I used a random forest, which takes a ton of these trees and combines the results to get an accurate prediction, for this model. Random forests follow the wisdom of the crowd; the idea that the opinion of the masses is better than the opinion of one expert.

The results of the random forest model are more accurate than the linear model. Using career three-point percentage, career free-throw percentage, career two-point jump shot percentage, career three-point rate, and the individual season numbers for the player’s last season in college for all of the above statistics (these were the same as the career numbers for freshmen), I ended up with a .26 R-squared value (the percentage of the variance in the data that can be explained by the model) for the test set (compared to .15 before), with a .026 mean absolute error (previously .028) and a .035 root mean-squared error (previously .039). All data came from Bart Torvik’s site again.

I found that career college free-throw percentage is the most predictive statistic for NBA three-point percentage, with a relative feature importance of .19. The second-most predictive is free throw percentage in a player’s last college season (.17).
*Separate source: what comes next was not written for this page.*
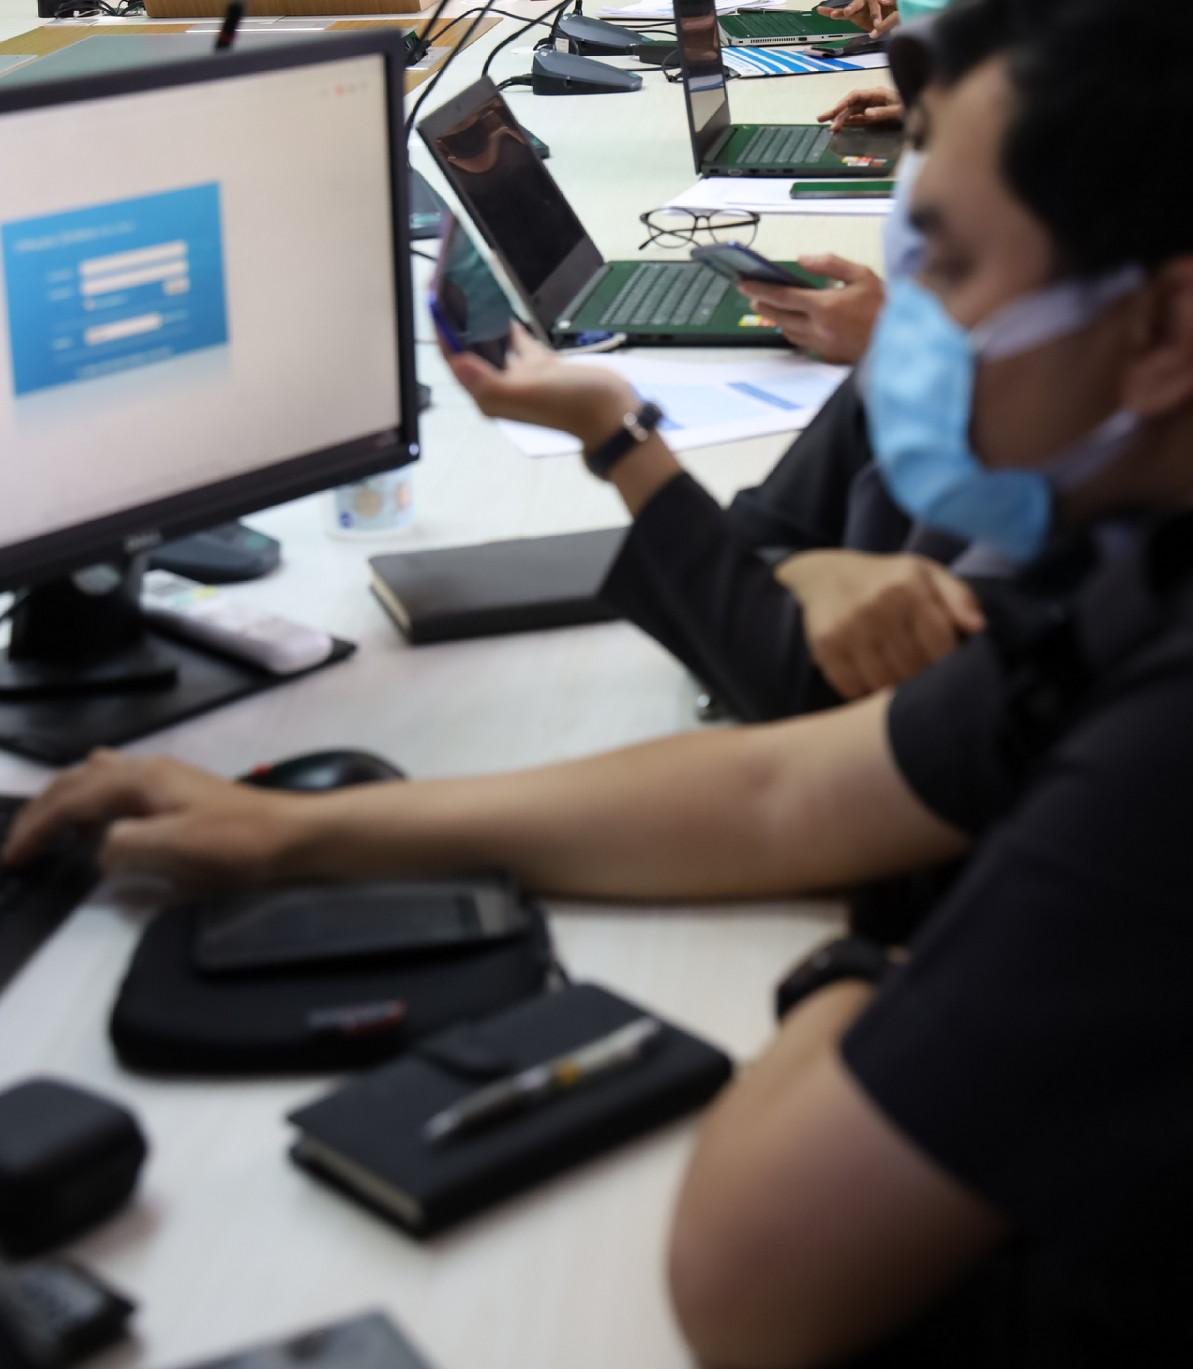 Buruan Daftar, Bapenda DKI Jakarta Buka Lowongan Petugas Pemetaan untuk D3 hinggga S1

This is consistent with most other models out there predicting NBA shooting success; after all, a free throw is an isolated indicator of shooting ability, with no defense or anything to complicate the shot.

This model did a pretty good job of predicting past players. Duncan Robinson had the best prediction in the set (40.3 percent) and ended up as the second-best shooter in the set (43.7 percent, above his prediction, but within his 95 percent confidence interval). Stephen Curry (40.1 percent predicted, 43.5 percent actual), Gary Trent Jr. (39.7 percent predicted, 40.5 percent actual), and Buddy Hield (39.3 percent predicted, 39.0 percent actual) all also did well in both predictions and actual shooting.
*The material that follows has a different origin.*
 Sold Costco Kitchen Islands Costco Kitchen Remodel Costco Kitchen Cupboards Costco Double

Like the first model, this model missed on Michael Porter Jr. due to his limited sample size of three games in college (35.6 percent predicted, 42.2 percent actual). It also missed pretty heavily on Khris Middleton, predicting him to only be a 33.5 percent shooter in the NBA based on poor college three-point shooting numbers (32.8 percent for his career, only 25 percent in his last season) that were not enough to overcome his 75 percent career free throw percentage.

Utah State senior Sam Merrill projects to shoot 38.1 percent from three in the NBA, the best value in this draft class. His 95 percent prediction interval is 32.2 percent-44.0 percent, meaning there is a 95 percent chance his career NBA three-point percentage falls in that range.

Tyrell Terry (37.8 percent), Aaron Nesmith (37.8 percent), Markus Howard (37.8 percent), and Nate Darling (37.6 percent) all also project well. So does the top shooter in the old model, Immanuel Quickley (37.5 percent).

Anthony Edwards projects decently (34.5 percent), with his strong 76.9 free throw percentage outweighing his poor 29.1 three-point percentage.

Interestingly, Devin Vassell (34.2 percent) and Obi Toppin (33.1 percent) do not project well, despite the fact that both carry some regard as outside shooters. In both cases, a mediocre free-throw percentage is the culprit (72.0 percent for Vassell, 70.6 percent for Toppin). Neither relied on sharpshooting to build a draft case, but these poor projections should give teams pause.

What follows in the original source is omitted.